We watched the 1986 Nora Ephron film "Heartburn" tonight. The best thing you can say about it is that if you're ever on Pointless and are asked for films featuring Jack Nicholson, Meryl Streep and (definitely) Kevin Spacey, this will be a good shot at a pointless answer. Ephron was clearly a great writer and a witty person, but this autobiographical examination of a marriage with an unfaithful husband is unengaging and languorous and a signal lesson to any writer that whilst real life can be a great inspiration, if you're too close to something you can't always show the full picture. I didn't care about or like any of the characters and it seemed to judder from scene to scene with little purpose or clarity. There was a massively long section where Jack and Meryl tried to come up with songs about babies (or that just included the word baby). Perhaps it was meant to be charming and funny (and perhaps it was when it happened to Nora and her husband in real life), but it was just odd. It became funny because it went on for so long, especially after in the first fifteen minutes the film had jumped from the couple meeting, dating, sleeping together and getting married. I actually wondered if the rest of the film might be the couple just badly remembering and singing songs involving the word baby. I would have quite liked that. I might try and write a film that is just that. Start off by giving the impression that there's going to be a story and then it's just two people trying to remember songs for 90 minutes. Ultimately it felt like a half-arsed attempt at creating a Woody Allen film (with many of the actors he uses), but they'd forgotten to put any jokes in and you had no sympathy for any of the characters (so like most of the later Woody Allen films). Ah well, you probably weren't going to watch it anyway.

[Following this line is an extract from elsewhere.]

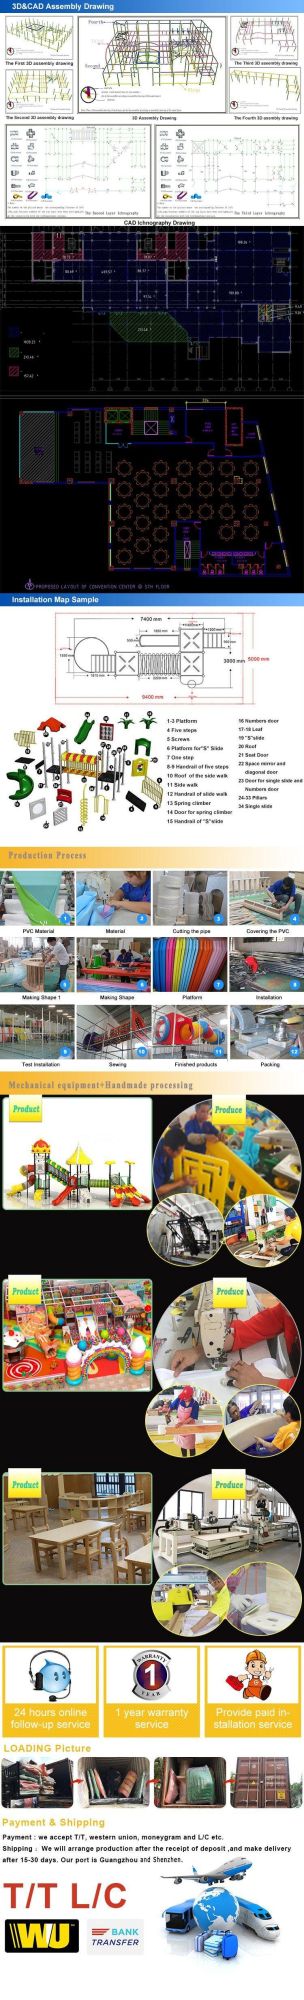 S019 Outdoor Playground Equipment Climbing Factory From China

And then we watched Dan Snow trying to discover the Rome's Lost Empire with an archaeologist (Sarah Parcak) who excitingly used satellite images to discover ancient sites. I think the history and the futuristic scientific techniques might have made this documentary interesting enough, but the BBC decided to make it appear like a cross between Torchwood and the Da Vinci code, with people walking around in long coats and using big touchscreen wall mounted computers (I suspect they were just TVs with a video running and touching the screen was for show) and having them working in spookily lit rooms with wind machines making curtains billow in the distance.
At the start Snow went to America to meet Parcak and asks her if she will come with him to discover the Roman Empire, as if this wasn't soemthing that was obviously preplanned and established. Again I thought it might have been a better documentary if she'd said, "Oh, no, sorry. I've got some stuff on." And he'd said, "Oh right, shit. Well that's the end of the show then. Thanks for watching."
I am all for making history accessible and trying to make nerds and academics look sexy (mainly because that is unnecessary and impossible, so it's funny to see someone making the attempt), but this all jarred a bit with me. Using satellites to find archaeology was an exciting enough idea for me. I am looking forward to the time that satellites will actually be able to view the past (it's got to be possible - if we can send them far enough into space at over the speed of light and have really sophisticated long range cameras and we can get them to transmit back their signals faster than the speed of light - get to work scientists you can have that idea for free), but this will have to do for the moment. And there's no need to lie and say that the lighthouse at Portus is one of the lost wonders of the world (that's the Lighthouse at Alexandria surely?)
I am not saying that all documentaries have to be presented by fusty and dry academics, nor that they should not be entertaining and it's great to see a subject like this on (more or less) prime time TV and up against the X Factor. But you don't have to compete against the X Factor on its own stupid terms. The BBC does fantastic work with keeping stuff entertaining and educational without pandering to a demographic that they're never going to attract (Mary Beard is a fine example of this). This whole thing seemed to be an expensive way of saying, "Fuck you Time Team, with your weirdy beardy men, grubbing around in soil - we've got sexy people in fucking space!"
I like Dan Snow and I liked Sarah Parcek and her work. I could have done without the billowing curtain in the expensively lit science lab hub.
But there's a good chance I am just jealous that Dan Snow is so tall and sexy and wish that the BBC would employ more tiny, fat, hairy hobbit men to talk about history!